The relationship between computer science and data science is foundational in that data science emerged through advances in the field of computer science, specifically in areas related to data collection, storage, and processing power. As the data capabilities of computer systems has increased, mathematicians and statisticians have been able to tackle and solve increasingly complex data analytics problems. These problems require large amounts of raw information (i.e., “big data”) to be collected, cleaned, sorted, merged, processed, and otherwise manipulated, yielding descriptive and predictive models that provide insights into trends and patterns in economics, politics, consumer behavior, and other fields of inquiry. This process of solving problems using statistical reasoning, algorithmic programming, and computer modeling is the essence of data science. The research and development that led to the emergence of data science and that continues to expand our understanding of IT systems and increase the capabilities of computer systems is what forms the basis of computer science.
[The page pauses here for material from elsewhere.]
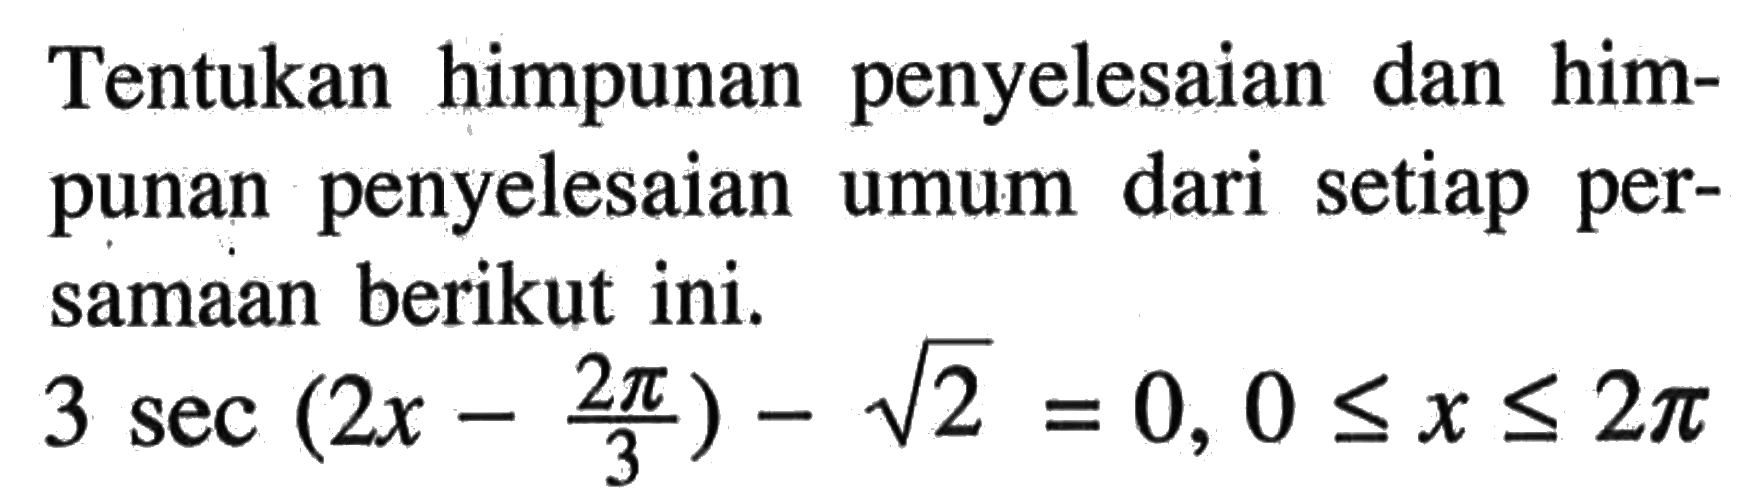 Tentukan himpunan penyelesaian dan himpunan penyelesaian umum dari setiap persamaan berikut ini. 3 sec (2x-2pi/3) - akar(2) = 0, 0<=x<=2pi

One way to contextualize the difference between computer science and data science is to consider the knowledge and skills required to work in these fields, and to examine the training and instruction typically offered by computer science and data science programs at the baccalaureate level and in graduate programs. While data science is not exclusively a subfield within computer science, training in data science incorporates some of the same technical knowledge and programming proficiencies that are integral to computer science. This is reflected in undergraduate curricula for computer science and data science majors, which often include some of the same courses. For example, courses in calculus, statistics, algorithms, coding, software engineering, and operating systems are commonly required for computer science and data science majors. In fact, earning a bachelor’s degree in computer science in preparation for a master’s in data science degree program, a private data science training program, or a data science certification program is one pathway to becoming a data scientist.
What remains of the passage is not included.